This fear seems to be based on (a) a concern that they won't be able to "cut it" in this new world, and (b) that if they are "just" doing the main templates (and not all of the generated pages) they will lose billable hours.

I think (a) is a matter of education and I'm working on it, but (b) is harder to answer. I believe that they will be able to address oft-stated customer requests for "editable websites," and that they will be able to bid on sites that require more functionality and dynamic interaction with the user than they have dealt with in the past.

Question: Does anyone have any studies / examples / success stories / whatever that I can use to show them that WP may actually be a major step forward in their ability to find and please customers? It is important that these be from a designer's point of view. Some of this will be anecdotal, but I'm hoping for something more ... concrete.
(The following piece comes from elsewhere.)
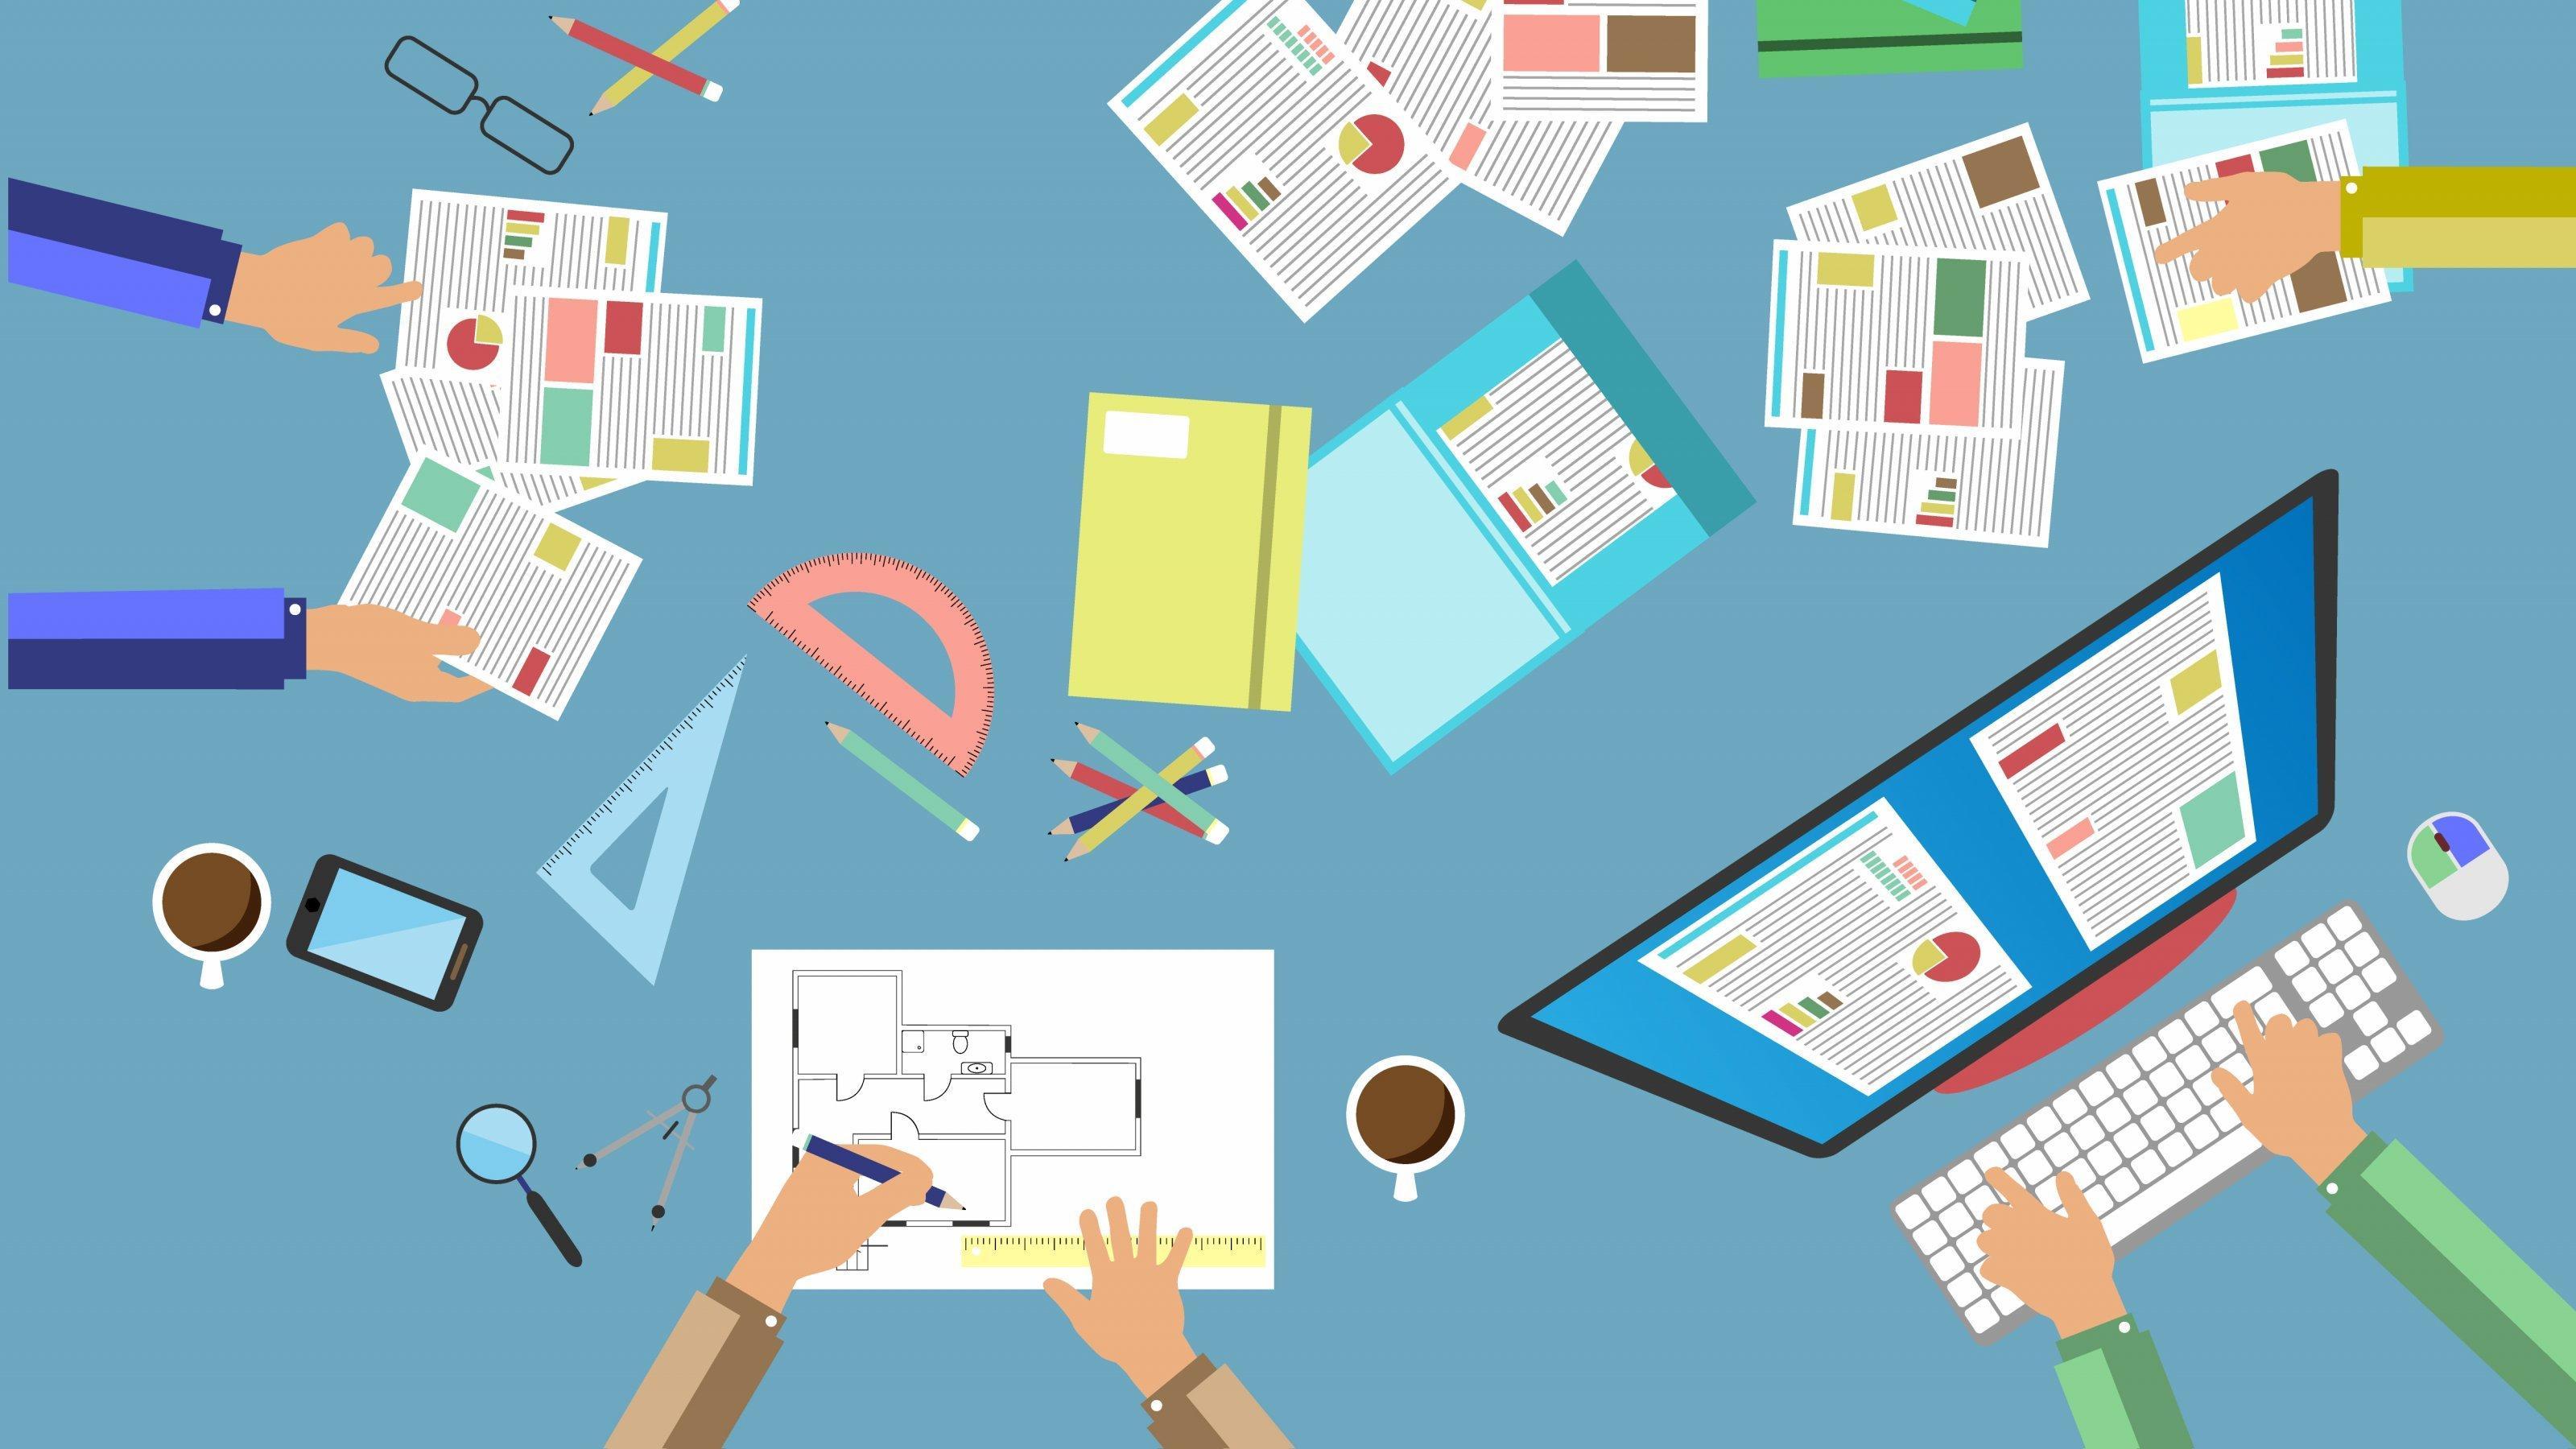 Eine Illustration: Auf einem Tisch liegen Papiere, Lineale, ein Laptop, viele Hände arbeiten gleichzeitig daran.

After thought:  I wish I could give out more than one Correct Answer. I felt a bit stupid when I saw case studies because that should have been one of the first things I searched on. I liked the comment about The Loop because it gave me a little insight from a designer's point of view about what might be intimidating. I'm going to look for more of those.

Addressing The Fear is a bit more difficult because fear, by it's very nature, is not purely rational. Many people have been deeply traumatized by the recession — watching your billables drop by 75-80% overnight through no fault of your own can make you really nervous about anything changing. I saw this in my parents, who were in their 20's during the Great Depression; fifty years later they still had a sense of scarcity in the world.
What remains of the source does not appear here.